Sunday, September 8, 2013

Patriot Act author to NSA: Rein it in


Sensenbrenner brief says vast spying on all Americans never intended



A legal brief filed on behalf of the author of the original USA Patriot Act challenges the National Security Agency’s interpretation that the law allows vast spying authority, contending that it never was intended to allow the collection of records of telephone calls of all Americans.  The amicus brief filed on behalf of Rep. James Sensenbrenner Jr., R-Wis., was filed by the Electronic Frontier Foundation of San Francisco.

It was submitted in a case brought by the American Civil Liberties Union of New York and others against James Clapper, chief of national intelligence for President Obama, NSA director Keith Alexander, Defense Secretary Chuck Hagel and others.  It explains that Sensenbrenner has represented Wisconson’s 5th Congressional District since 1978, and he’s been on the House Judiciary Committee for years.

“Most pertinent to the above-captioned action, Rep.
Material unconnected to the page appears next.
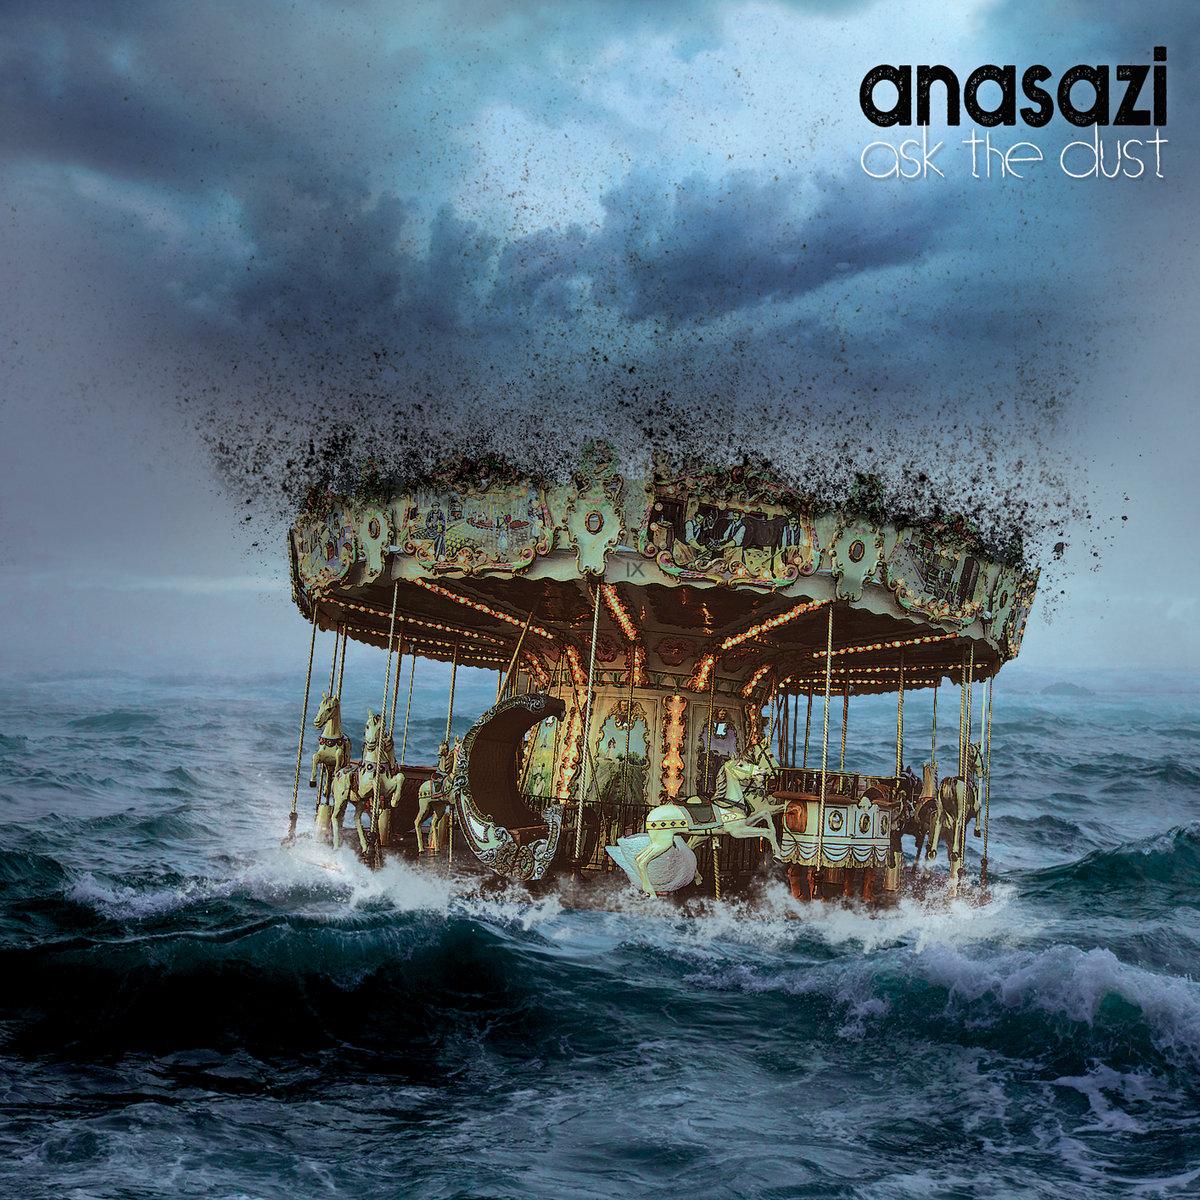 anasazi: ask the dust

Sensenbrenner was the author of the USA Patriot Act. Rep. Sensenbrenner was chairman of the judiciary committee when the United States was attacked on Sept. 11, 2001. Five days later, he received a first draft of the USA Patriot Act from the Justice Department. Firmly believing that that original draft went too far, he asked then-House Speaker Dennis Hastert for time to redraft the legislation. Following numerous meetings and negotiations with the White House, the FBI and the intelligence community, Rep. Sensenbrenner authored a revised version … that was ultimately the version adopted as law.”

The EFF explains Sensenbrenner argues that Patriot Act never was intended by Congress “to permit the NSA’s collection of the records of every telephone call made to, from and within the United States.  He’s urging the court the grant the ACLU’s motion for a preliminary injunction, which would halt the program until the lawsuits are concluded.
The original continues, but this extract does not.